After authenticating a connection, limit the process's rights to
mitigate any potential attacks.
---
 Cargo.toml                     |  6 +++---
 crates/unftp-sbe-fs/Cargo.toml |  3 +++
 crates/unftp-sbe-fs/src/lib.rs | 22 ++++++++++++++++++++++
 3 files changed, 28 insertions(+), 3 deletions(-)
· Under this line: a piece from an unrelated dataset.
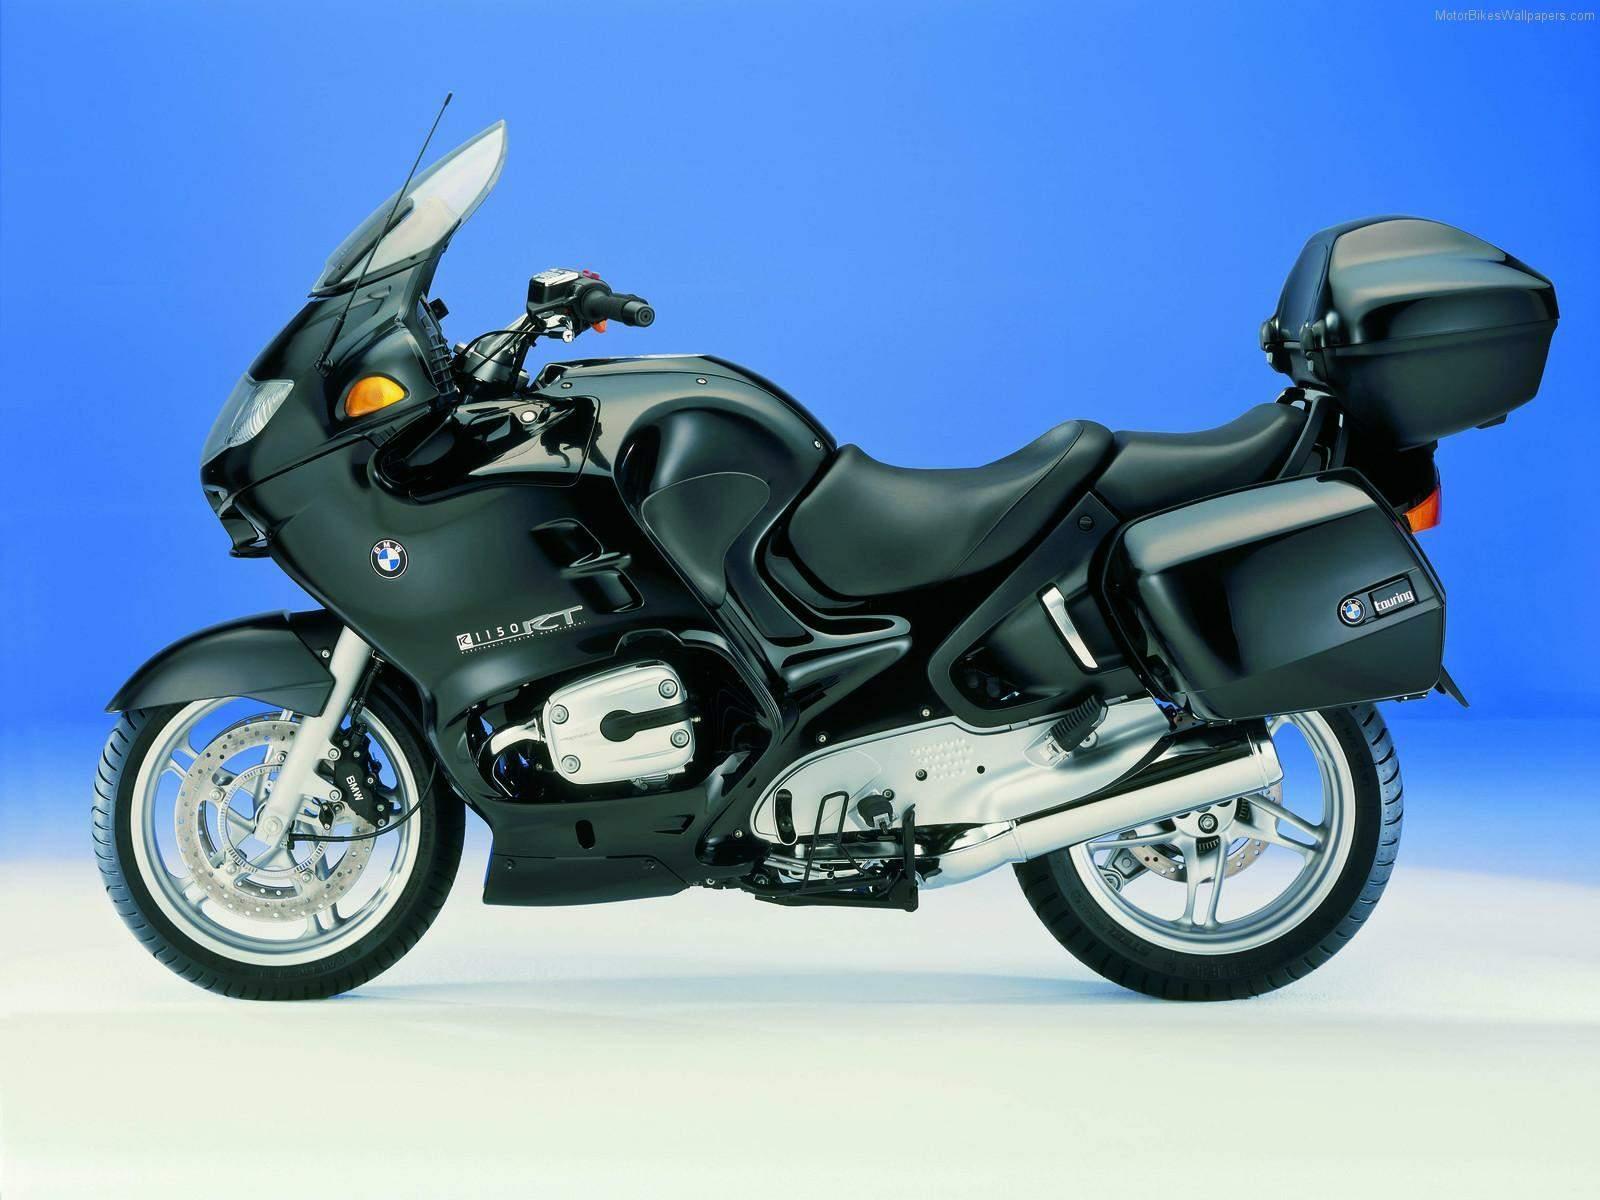 Moto Bmw 1150 Rt Idea Di Immagine Del Motociclo

diff --git a/Cargo.toml b/Cargo.toml
index 536671b2..3245d0cb 100644
--- a/Cargo.toml
+++ b/Cargo.toml
@@ -71,8 +71,8 @@ tokio = { version = "1.36.0", features = ["macros", "rt-multi-thread"] }
 unftp-sbe-fs = { path = "../libunftp/crates/unftp-sbe-fs"}
 
 [patch.crates-io]
-capsicum = { git = "https://github.com/asomers/capsicum-rs", rev = "24330ee"}
-casper-sys = { git = "https://github.com/asomers/capsicum-rs", rev = "24330ee"}
+capsicum = { git = "https://github.com/asomers/capsicum-rs", rev = "2feefa0"}
+casper-sys = { git = "https://github.com/asomers/capsicum-rs", rev = "2feefa0"}
 
 [lints]
-workspace=true
\ No newline at end of file
+workspace=true
diff --git a/crates/unftp-sbe-fs/Cargo.toml b/crates/unftp-sbe-fs/Cargo.toml
index 407f24fc..89c594a1 100644
--- a/crates/unftp-sbe-fs/Cargo.toml
+++ b/crates/unftp-sbe-fs/Cargo.toml
@@ -47,6 +47,9 @@ tokio = { version = "1.36.0", features = ["macros", "rt-multi-thread"] }
 tracing-subscriber = "0.3.18"
 getrandom = "0.2.12"
 
+[target.'cfg(target_os = "freebsd")'.dependencies]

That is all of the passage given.